SSF seeks to instill in them the idea that must be able to think for themselves and truly desire more than a life working hard for others that will barely allow them to earn enough money to survive. Without successful parental role models, the children that SSF supports have had few chances to learn simple life skills that many people take for granted, such as financial responsibility and the importance of learning. By teaching them basic vocational skills such as haircutting, cooking, and massage therapy, SSF hopes to provide them with a chance to develop long-term business strategies that are fostered through involvement, for instance, in the organization’s banana cake selling operation. SSF seeks to provide them with the skills they need to provide for themselves and their children in the future and become leaders in their community.

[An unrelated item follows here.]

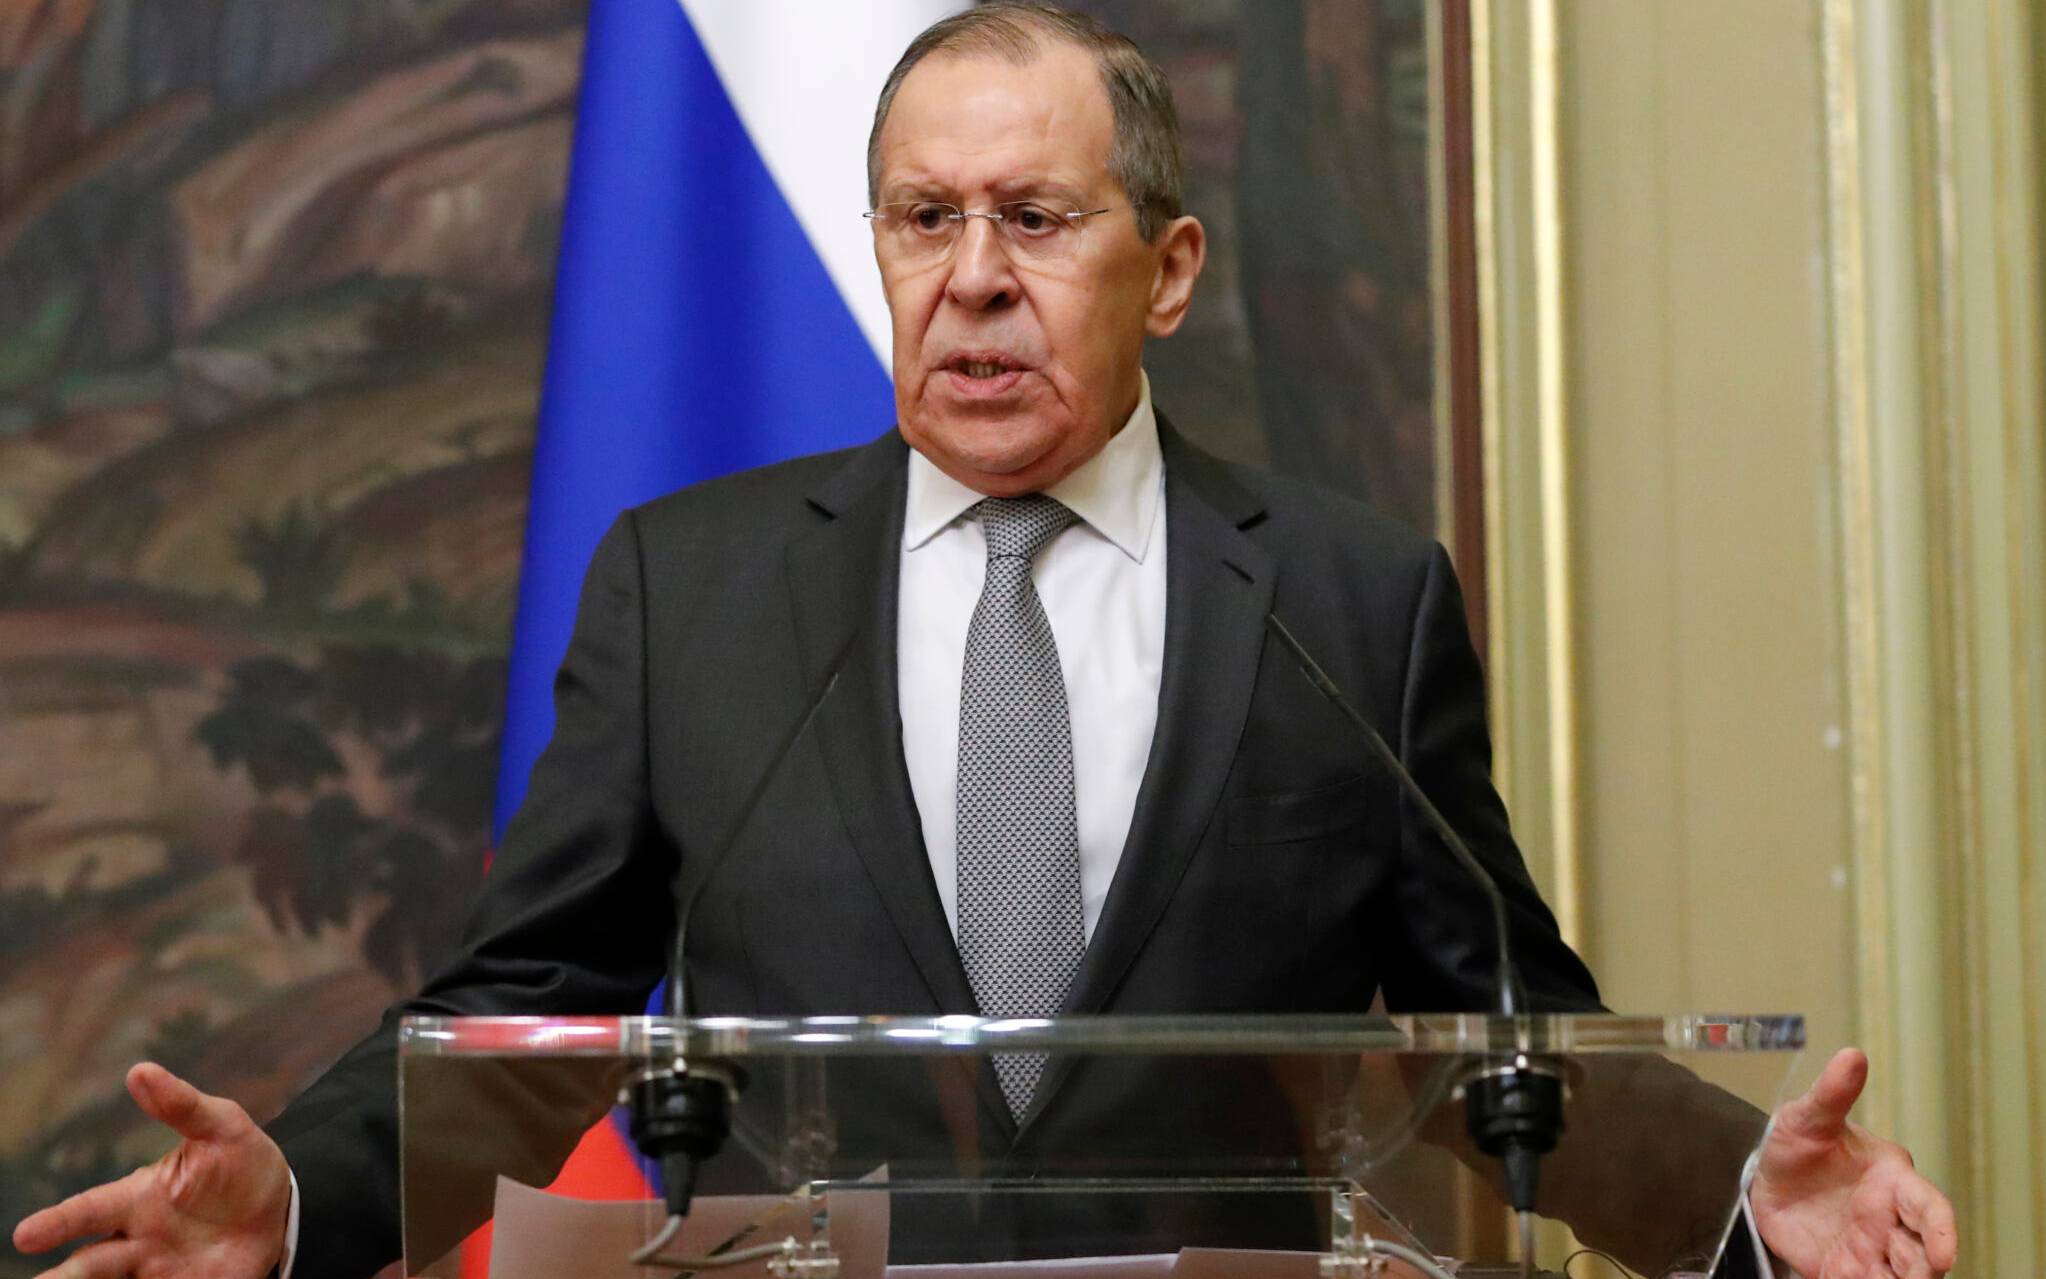 Russian Foreign Minister Sergei Lavrov gestures during a press conference following talks with his Italian counterpart in Moscow, on February 17, 2022. (Photo by SHAMIL ZHUMATOV / POOL / AFP)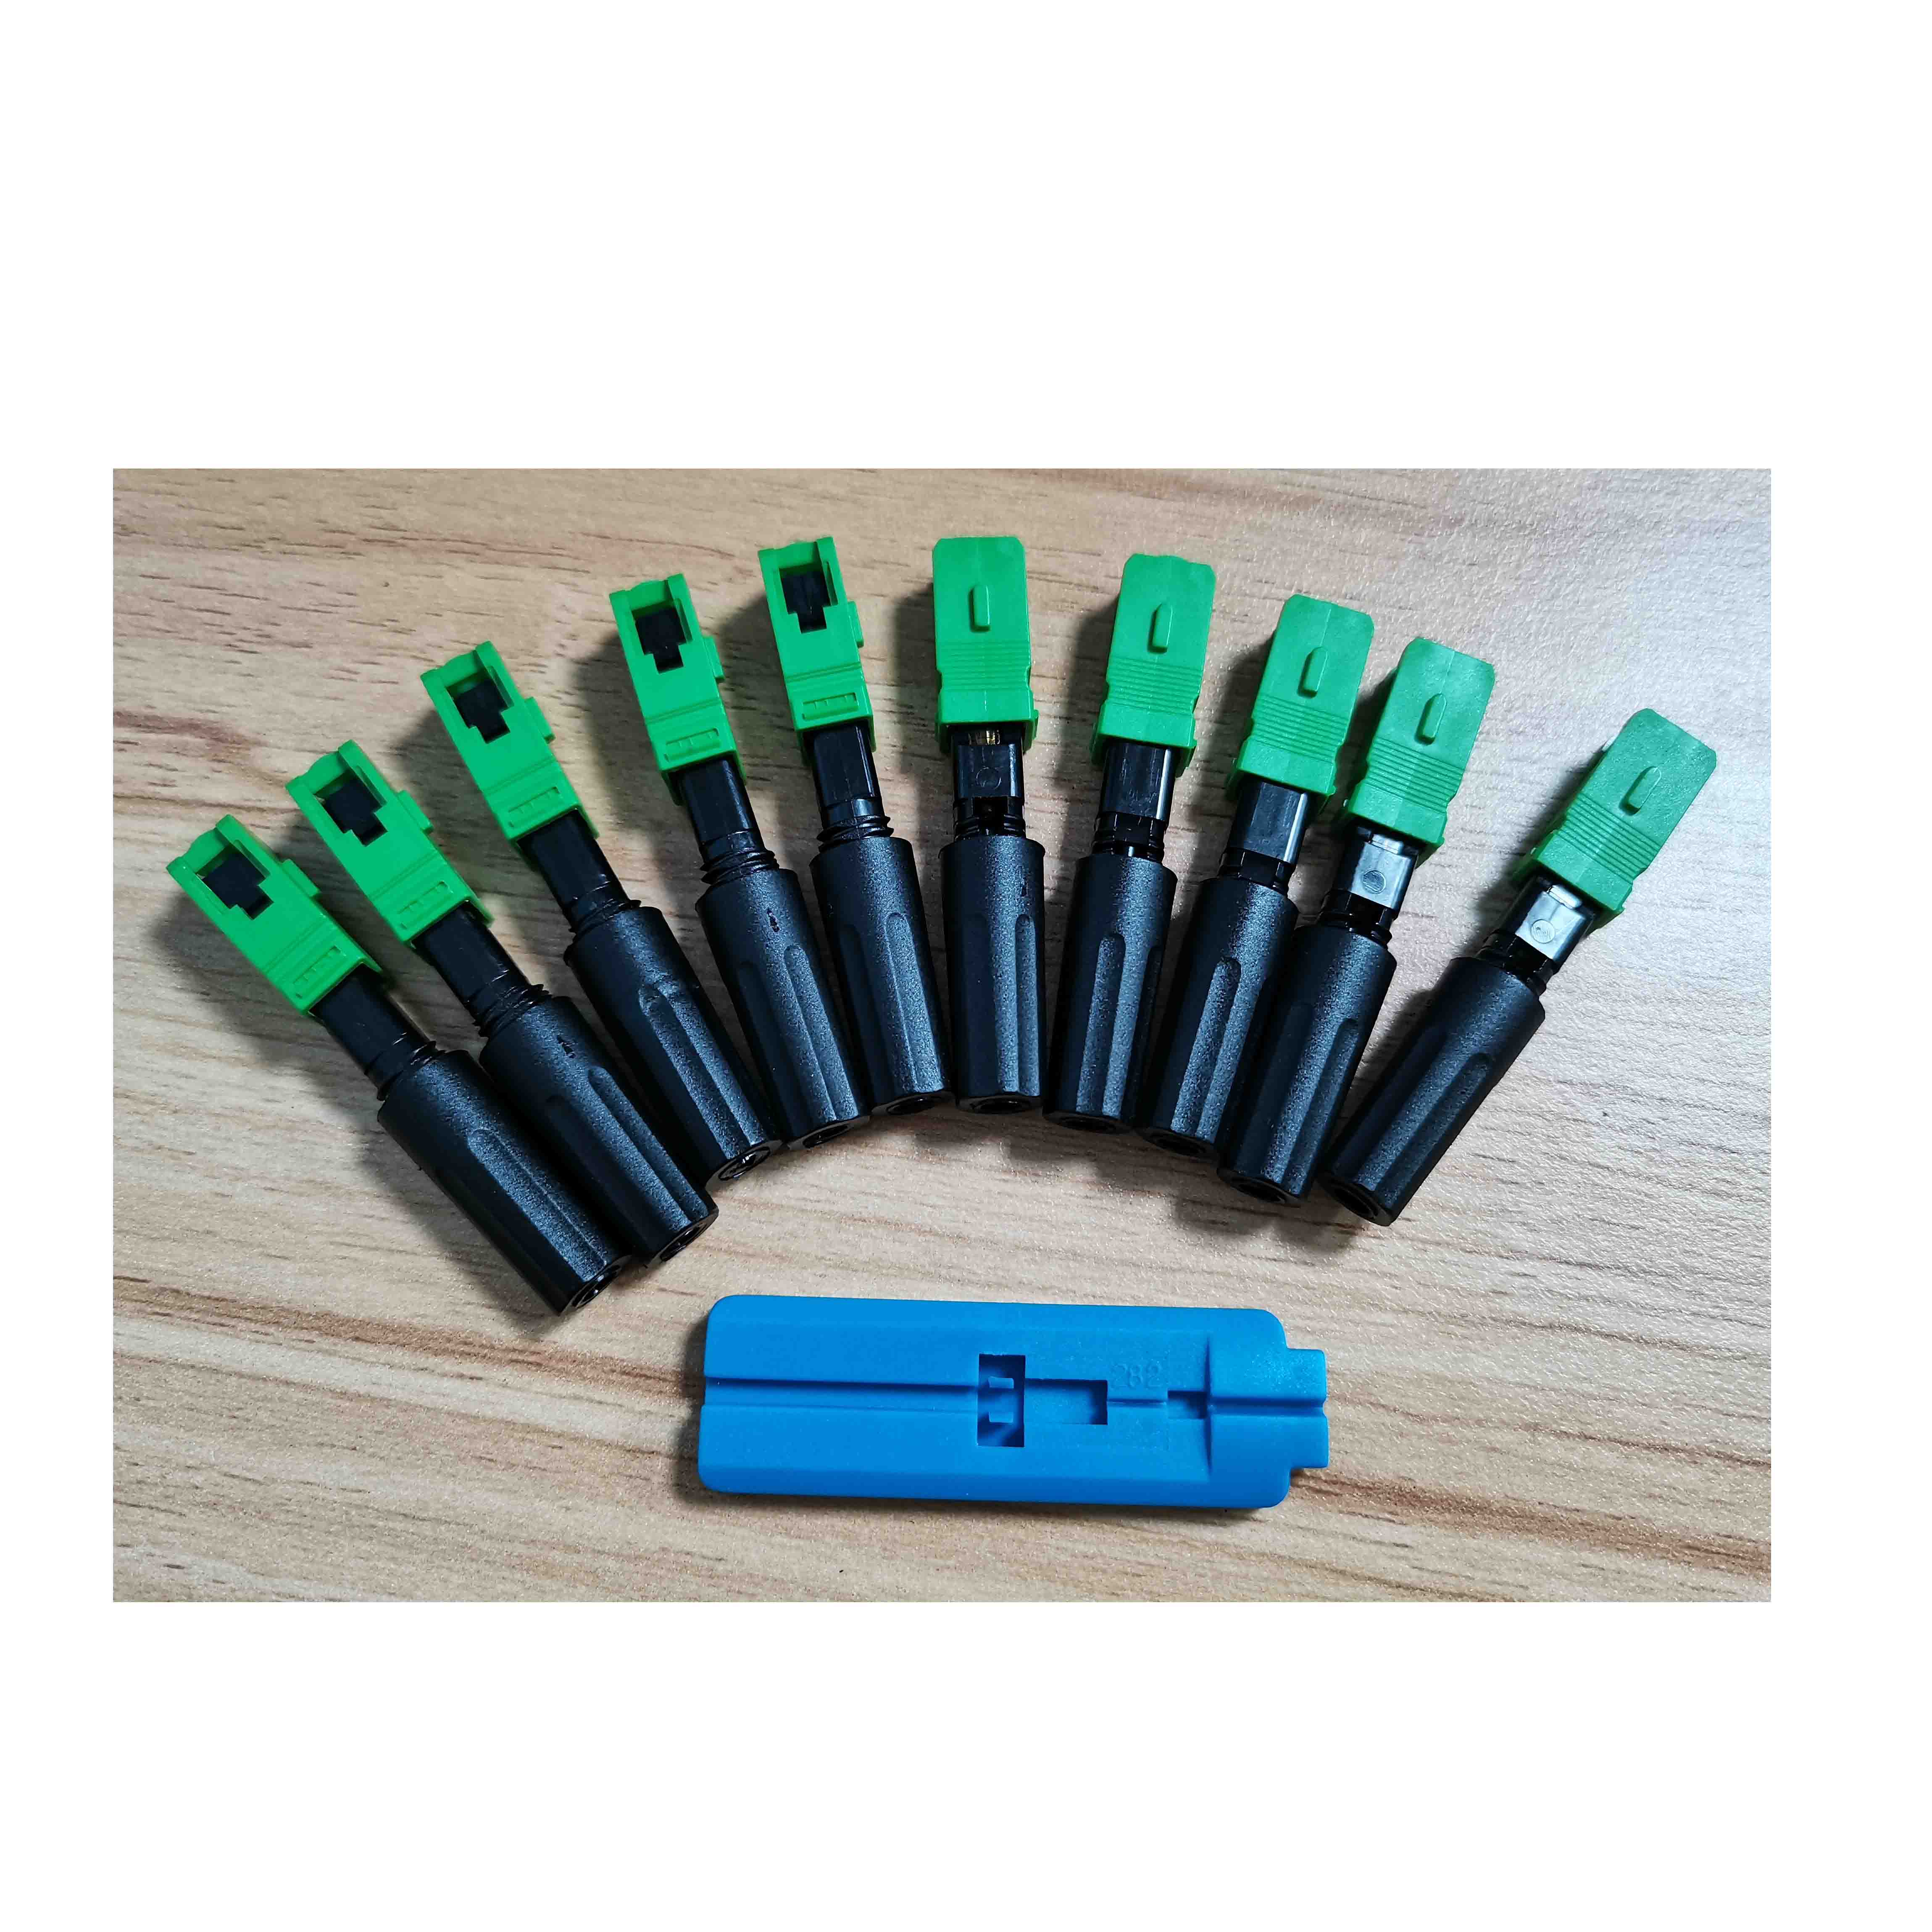 50MM Fiber embedded fast SC connector apc pc for drop cable 2*3mm 2mm or 3mm average 0.3dB

Everything that happens at the SSF compound is done in a way to support community involvement. Everyone involved with the organization, including the staff, is treated the same. Everyone lives and works together. Whereas Cambodian culture is based around a hierarchical structure that requires obedience to elders, SSF has worked to establish a supportive environment where everyone’s ideas can be heard. In fact, the children are encouraged to try to come up with ideas of their own, a characteristic is not often taught in Cambodia schools. The same ideas are promoted within the communities, because it is equally important to teaching adults about the benefits of listening to their children. Sadly, few people in Cambodia recognize the importance of giving back to their communities as interpersonal relationships often stop at the family level. While the children are taught about the importance of volunteer efforts and the ways they can work to solve the problems they see in society, SSF has also instituted mechanisms that provide for monthly community wide meetings. By pooling their ideas and their resources, SSF understands that the communities will be better positioned to respond to their own problems in the future.

Nonprofit organization works to help absolute poor families to care for their children, avoiding them from all forms of violence, exploitation, abuse against, including child sexual commercial, trafficking, child labor and child marriage.